I think I'm going to make a food hamper for the inlays this xmas, as their Ds can't be bothered to come up with any suggestions and looks at me wide eyed on Christmas eve every bloody year.
So i am thinking of all the usuals, choices, crackers for cheese, baileys, chutneys, festive mugs perhaps.

These are old people and wouldn't be into any fancy new food. Is there anything I'm forgetting?
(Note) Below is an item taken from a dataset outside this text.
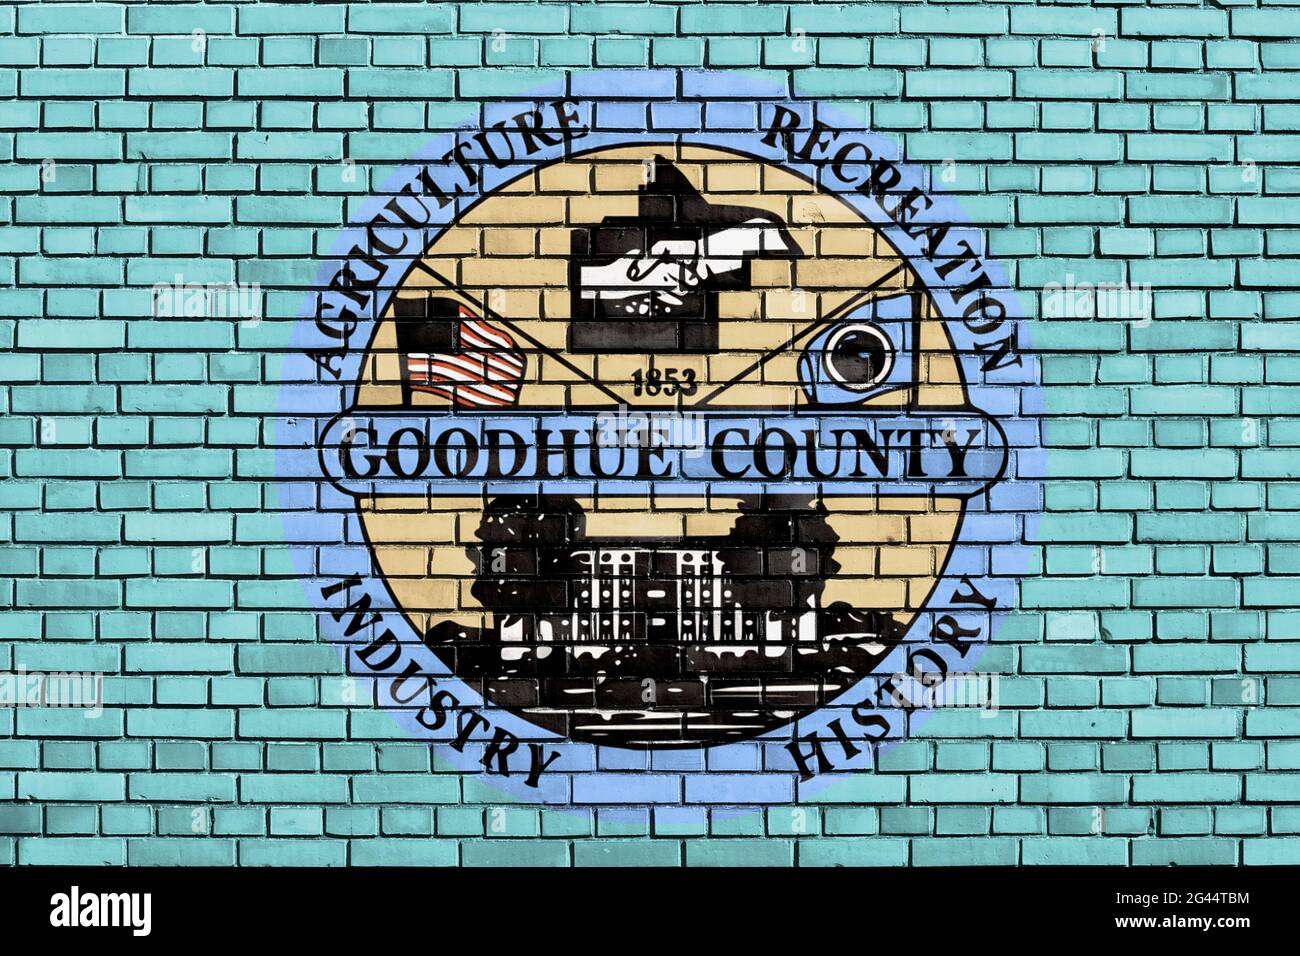 Bandera del Condado de Goodhue, Minnesota pintada en la pared de ladrillo Foto de stock

Im thinking of starting to buy one item a week now so i have it ready early.

cocodidit1 Thu 29-Sep-16 14:45:46

Inlaws not inlays ooops

WhoKnowsWhereTheTimeG0es Thu 29-Sep-16 14:45:57

Nice tea, coffee or hot choc to go with the mugs.

BlueKarou Thu 29-Sep-16 15:14:13

I did one last year; mostly what you've already said; cheese, crackers, some bacon salt, some flavoured vodka miniatures (bacon salt and vodka being things I knew the recipients would like.) and some Hotel Chocolat goodness.

How about some jam/marmalade? Definitely tea/coffee/hot choc as Who said. Maybe chuck in a couple of oranges just before delivering, or some nuts - very festive (chocolate brazils, maybe, if nuts alone not their sort of thing)

cocodidit1 Thu 29-Sep-16 15:23:02

Great thinking about the drinks and nuts. might go with some lemons and oranges scattered too.

cheers ladies!

SpaceDinosaur Thu 29-Sep-16 15:35:15

Cake!

Cured meats. Some nice cordial? Wine? Mulling spices/mulled wine? Olives. Look in the "extra special" aisle of jars. Stuffed peppers?

Can you make me one too please?!!

CarrotVan Thu 29-Sep-16 15:57:53

Maybe go with a theme like afternoon tea, luxury breakfast, luxury snacks, brunch...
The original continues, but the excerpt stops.